Жребий вечности - Богдан Сушинский 31 стр.


– То есть какое-то время Имперская Тень может оставаться здесь, заставляя противника гадать, где же пребывает настоящий фюрер: в Вольфбурге или Вольфшанце?

– Когда я окончательно решу, что должен осуществлять руководство страной и армией, находясь в Альпийской крепости, он останется в Вольфшанце. А моя ставка будет здесь или в Бергхофе. Вы не согласны с этим, Скорцени? – неожиданно спросил фюрер, настороженно глядя на обер-диверсанта СС.

"Неужели настолько сильна теперь оппозиция фюреру в Генеральном штабе и в его ближайшем окружении, что он уже не уверен ни в одном своем шаге? – мелькнуло в сознании Отто. – Да, похоже, они попросту издергали его своими заговорами, упреками и фельдмаршальскими амбициями".

– Вначале мне бы хотелось испытать его в реальной ситуации. Если только сегодня вы признаете за ним право представлять вас где-либо.

– Испытать? Уж не в Берлине ли?

– Слишком опасно. Можно дискредитировать саму идею Имперской Тени. Это должно происходить в кругу людей, действующих в ограниченном пространстве. Например, в одной из создаваемых нами колоний в Парагвае или в Африке.

– Но не сейчас, – отрубил фюрер. – Когда каждому ясно, что я нахожусь в Германии. Появление там двойника может послужить нашим врагам поводом для всяких сплетен и домыслов.

– Я предвидел такой ответ, мой фюрер. Для меня важно было ваше принципиальное согласие. Мы, конечно же, еще какое-то время выждем, а затем используем его в "Регенвурмлагере". Причем момент его появления в подземной столице СС будет рассчитан таким образом, чтобы ни у кого из обитателей не оставалось сомнений относительно того, что там действительно появились вы. Оставив в "Вольфшанце" своего двойника.

Скорцени почувствовал, что фюрер как-то сразу же оживился, глаза его очистились от белесой слизистой пленки и приобрели выражение осознанности. Отто показалось, что фюрер попросту забыл о создании "Лагеря дождевого червя", об этом грандиозном и совершенно секретном строительстве подземного города, коммуникации которого начинались на правом берегу Эльбы в районе Мезерица, у Восточного вала, и, проходя под руслом Одера, должны были достигнуть окраин Берлина, соединившись с его системой метрополитена. Гитлер забыл о нем, и теперь был признателен обер-диверсанту СС за это напоминание.
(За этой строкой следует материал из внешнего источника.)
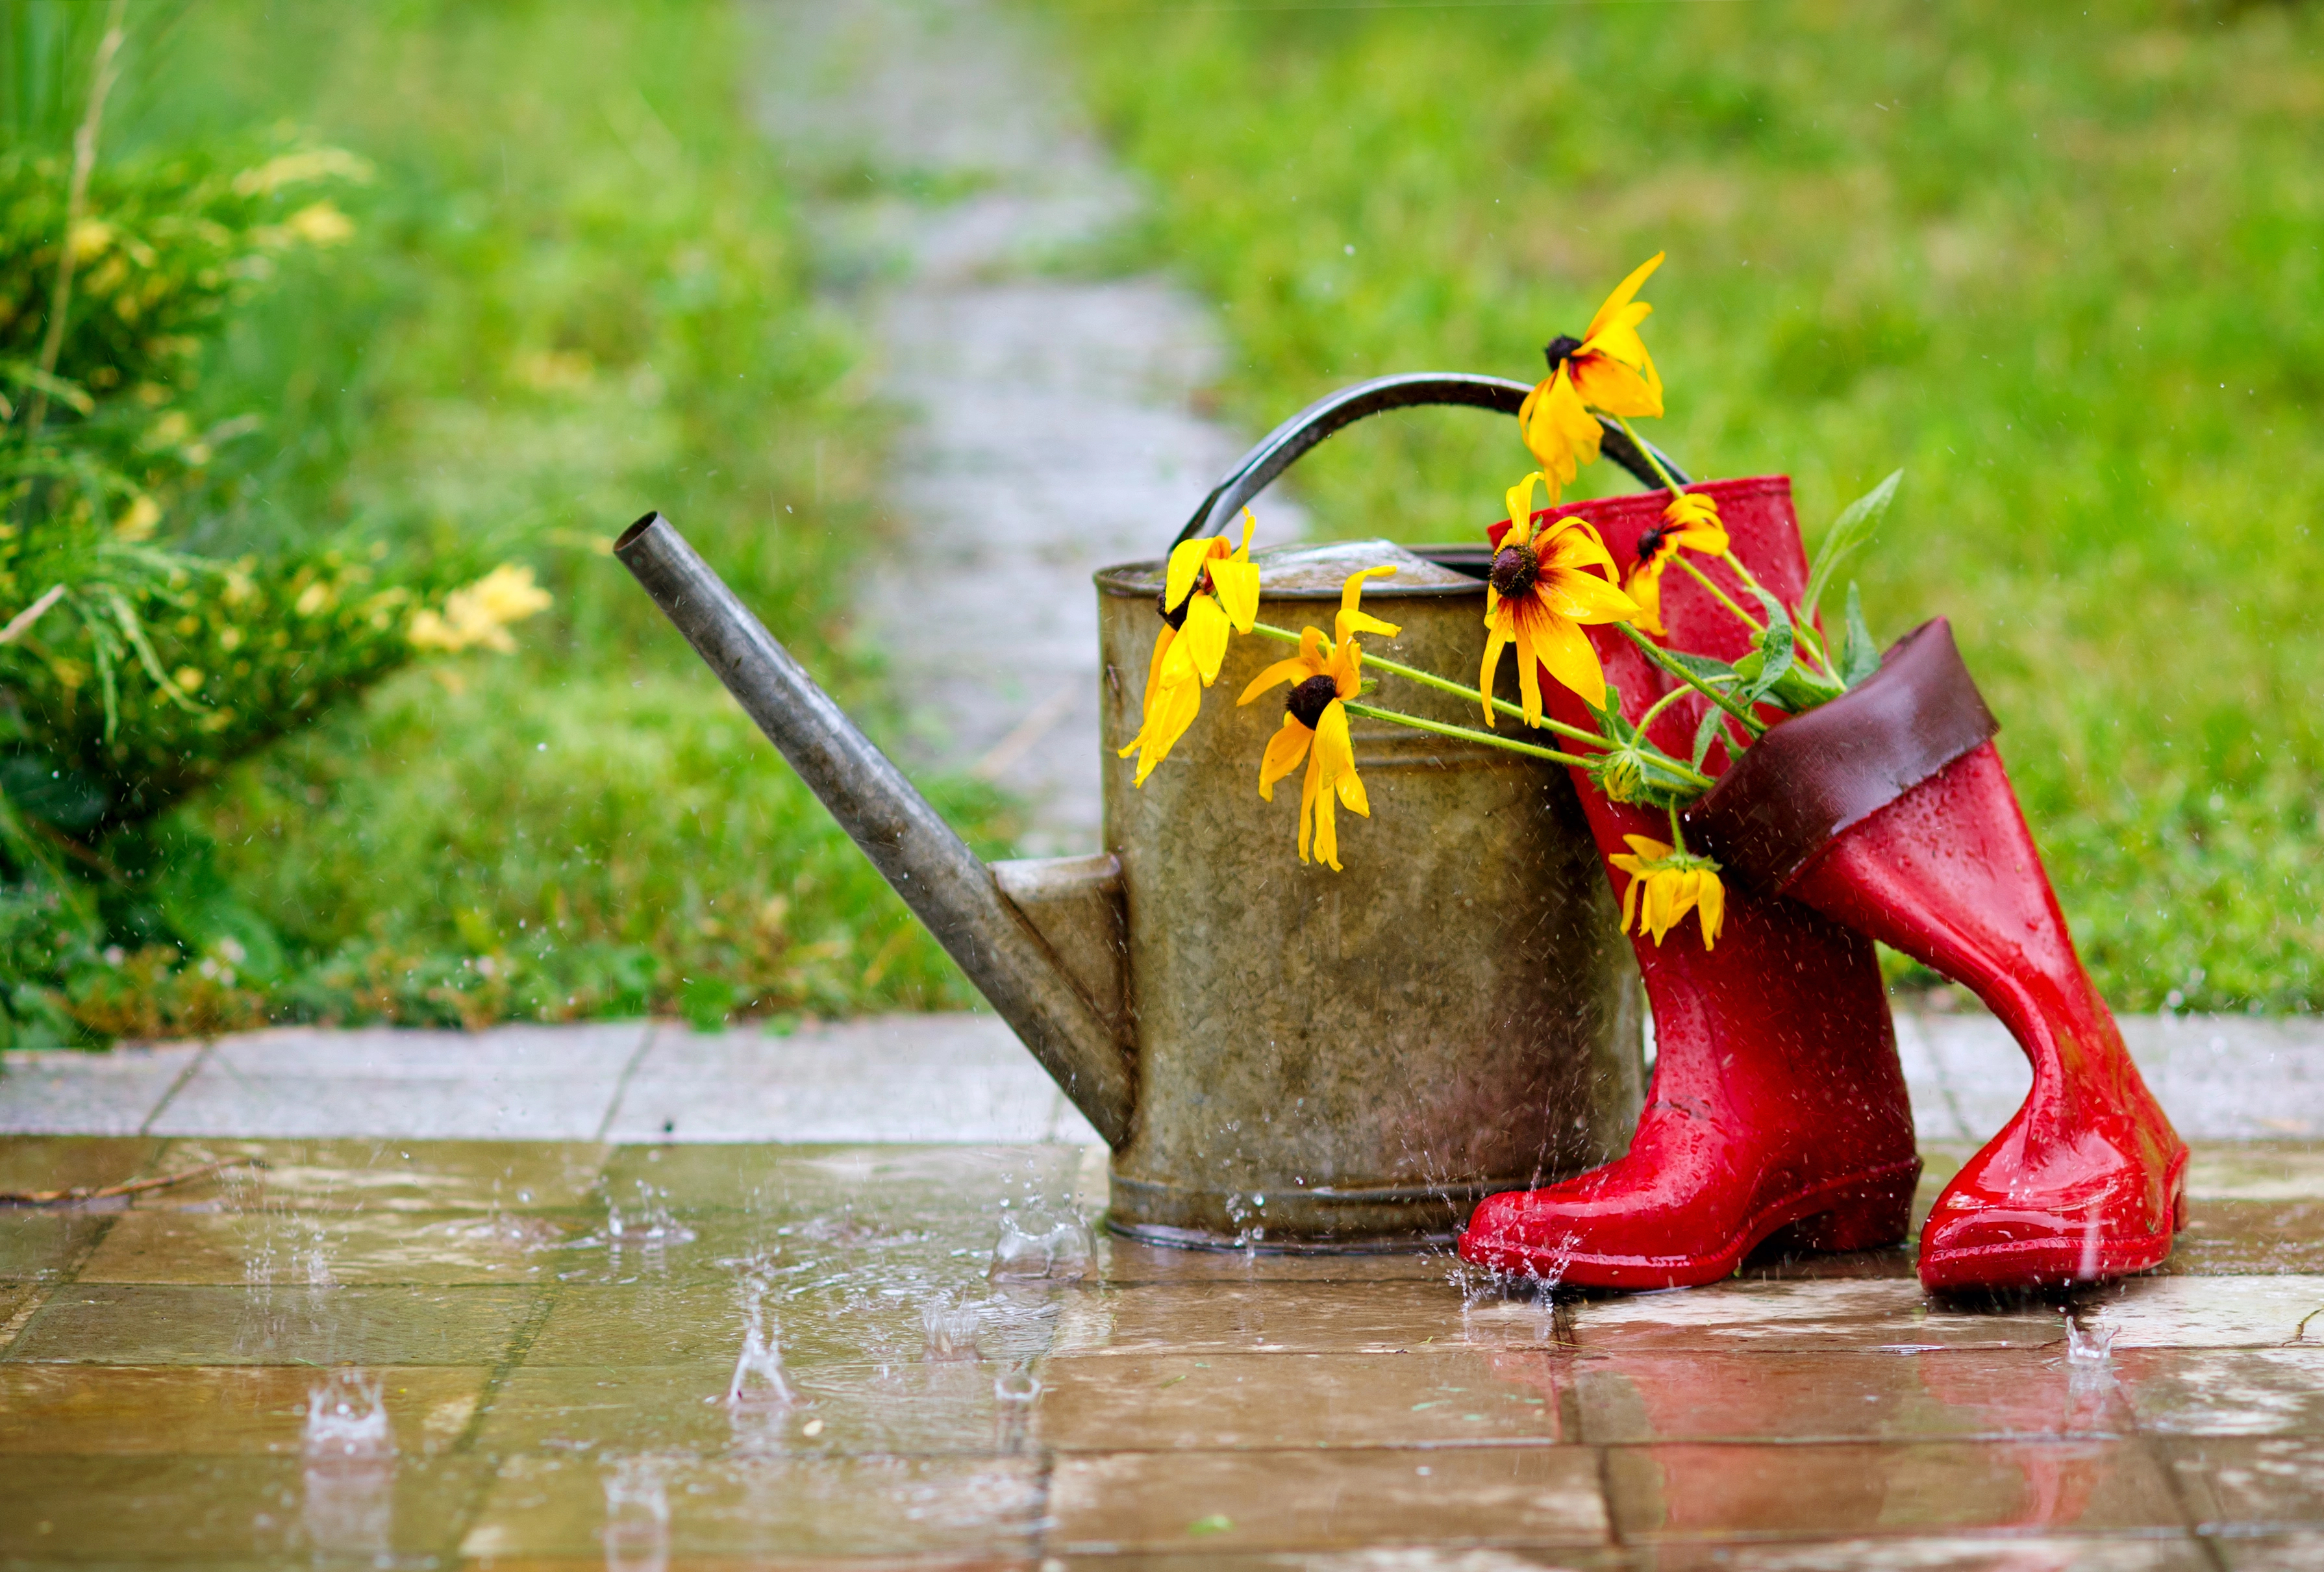 Watering can in the rain

Ко всему таинственному, что создавалось и происходило на территории рейха – будь то Альпийская крепость, с ее "горами-дотами" и шахтными выработками, которые уже сейчас превращались в мощные бункеры; секретные экспедиции в Шамбалу и за чашей Грааля или создание "Регенвурмлагеря", – фюрер относился с трепетностью истинного романтика. Чем больше таинственного и загадочного представало перед ним, тем увереннее он чувствовал себя в этой жизни.

– Я поручаю эту операцию вам, Скорцени.

– И она будет выполнена, дьявол меня расстреляй.

– Именно вам, – приблизился Гитлер к Скорцени и слегка приглушил голос, – поскольку уверен, что никогда, ни при каких обстоятельствах, не станете использовать вашу Имперскую Тень против меня. Вы понимаете, что я имею в виду?

– Это исключено, мой фюрер. Имперская Тень может быть использована только в роли Имперской Тени – и не более. При любых обстоятельствах мы будем рассматривать ее действия, исходя из высших интересов рейха.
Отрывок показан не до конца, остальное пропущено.